Not your father’s Celeron

Last Updated on July 15, 2017 by Dave Farquhar

I picked up a Celeron G1610 CPU last week and I’m using it to build a Linux box. Yeah, it’s a Celeron. But it performs like a 2011-vintage Core i3 or a 2010-vintage Core i5, consumes less power than either, and costs less than $50. It’s hard to go wrong with that.

I would have happily gone AMD of course, but I really wanted a micro ATX motherboard that could take 32 GB of RAM, and I wanted to keep the cost of the motherboard plus CPU under $150. To get all of that with AMD, I would have had to have made more compromises. I ended up with a Gigabyte GA-Z77M-D3H-MVP motherboard. The Gigabyte was an open-box item priced at a deep discount. A comparable Intel board would have cost $20 more, and a comparable Asus more like $30 more.
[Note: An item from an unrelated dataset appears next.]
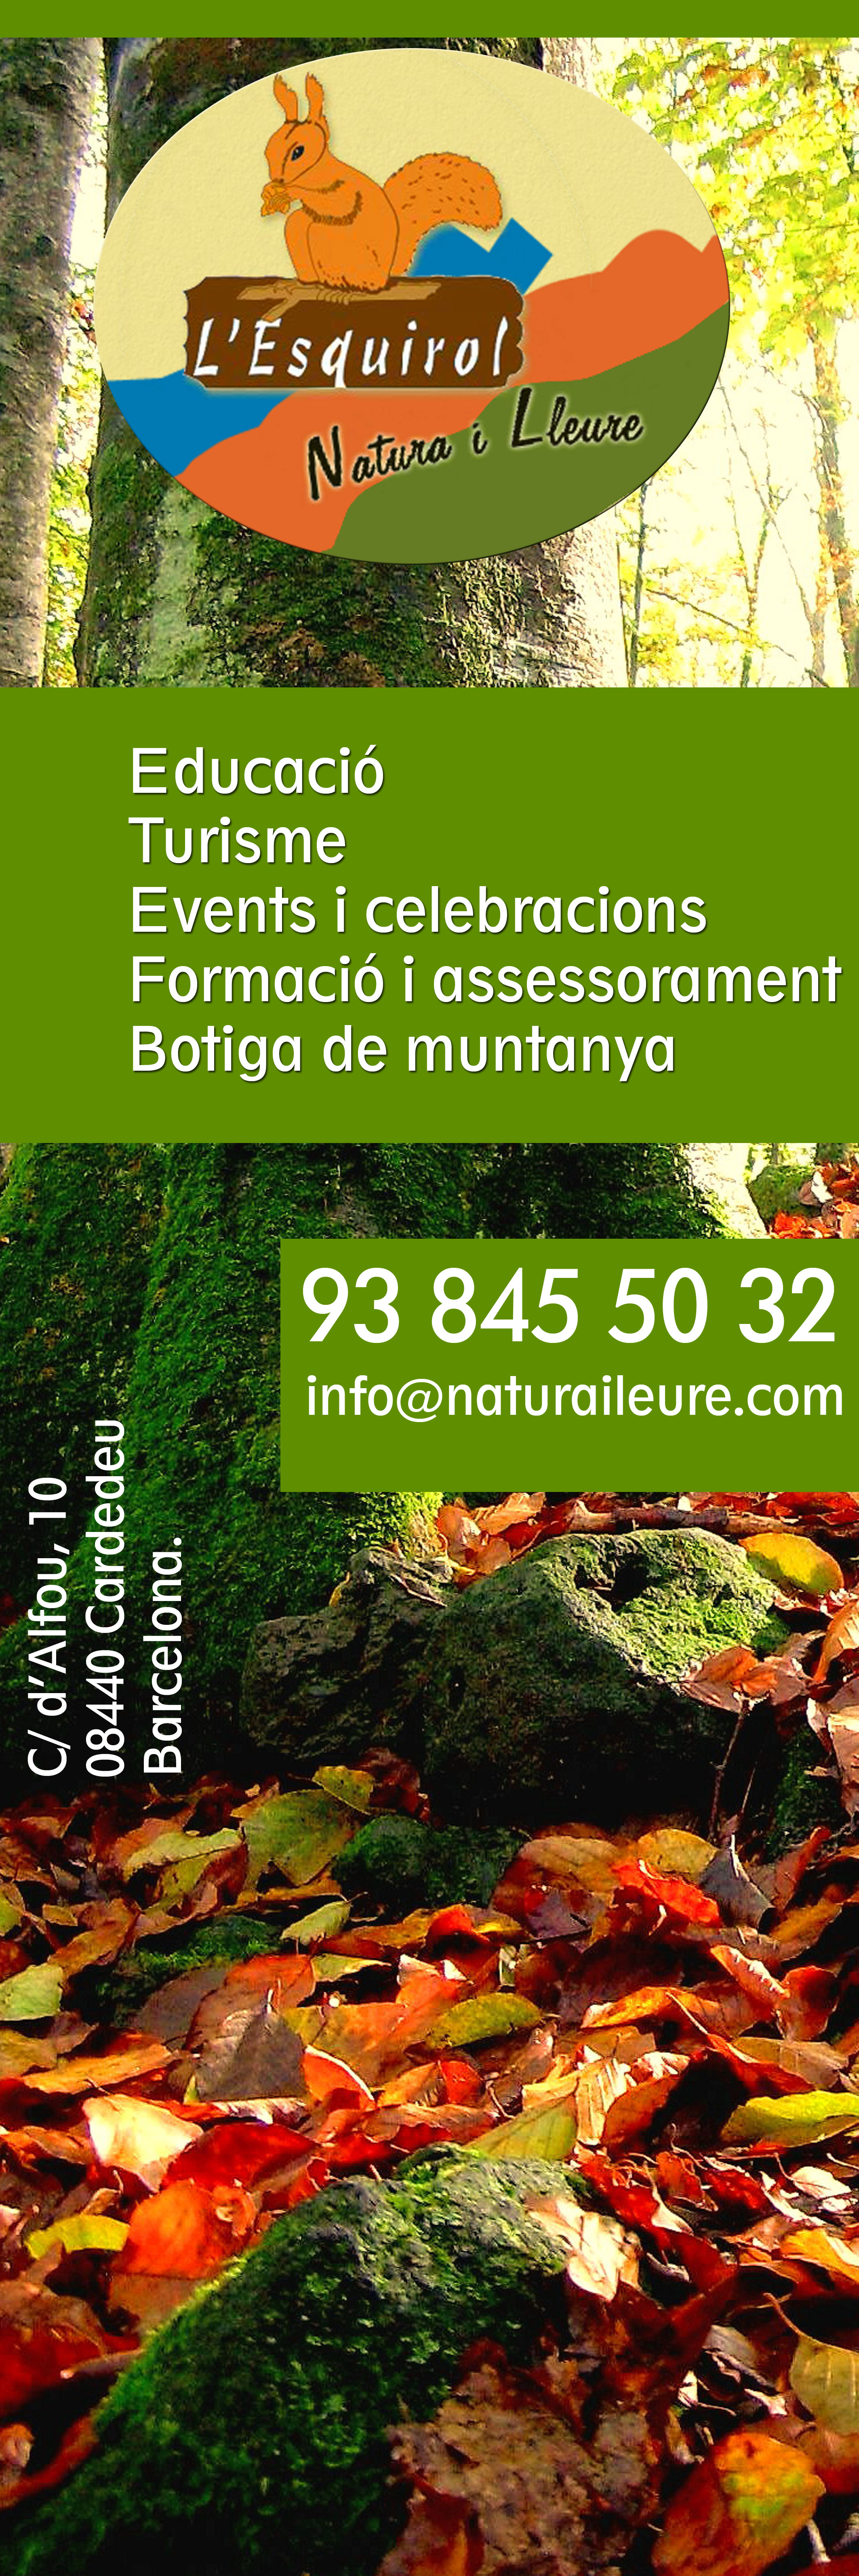 www.naturailleure.com

I outfitted it with a pair of 8 GB DIMMs from Crucial–I’ll get another pair later this year–and a vanilla (not Pro) Samsung 840 SSD. I want to play with huge ramdisks and virtual machines, and I want to use a Linux box running on something powerful enough that I’d be willing to run Windows on it. The last time I had that was in 2000 or so, when I had an Abit BP6 motherboard with a pair of 500 MHz Celerons on it (I was one of the 12 people who bought a BP6 and then didn’t overclock with it), a 10,000 RPM Quantum (of course) SCSI drive, and something like 320 MB of RAM.

See a pattern? I’m much more apt to spend money on fast storage and truckloads of RAM than on the CPU. Other than transcoding video, I don’t do much CPU-intensive work, and I don’t think many other people do either.

So what about this Celeron?

It has the lowest clock rate of any Socket 1155 chip still in production. It has two cores but no hyperthreading, and less cache than a Core i-series chip or even a Pentium. And you have few or no options as far as overclocking it. Since I’m not interested in overclocking, that doesn’t bother me. This is the CPU that Intel wants to sell to the most casual of casual users.

Surround it with the right parts, though, and it can still fly. With no tweaking whatsoever, the current version of Debian boots to a GUI login prompt in eight seconds. Libre Office Writer loads in three seconds. My biggest gripe through the years with Open Office (and Libre Office by extension) was its slow load time, so color me impressed. It still takes 3/8 as long to load as the entire operating system, but I’m not certain any post-2003 version of Microsoft Office could do much better than that.

Installation was dead simple, as Debian is perfectly happy with the Intel Z77 chipset on the Gigabyte board. It all just worked, accepting the defaults and just giving it names and passwords for its user accounts.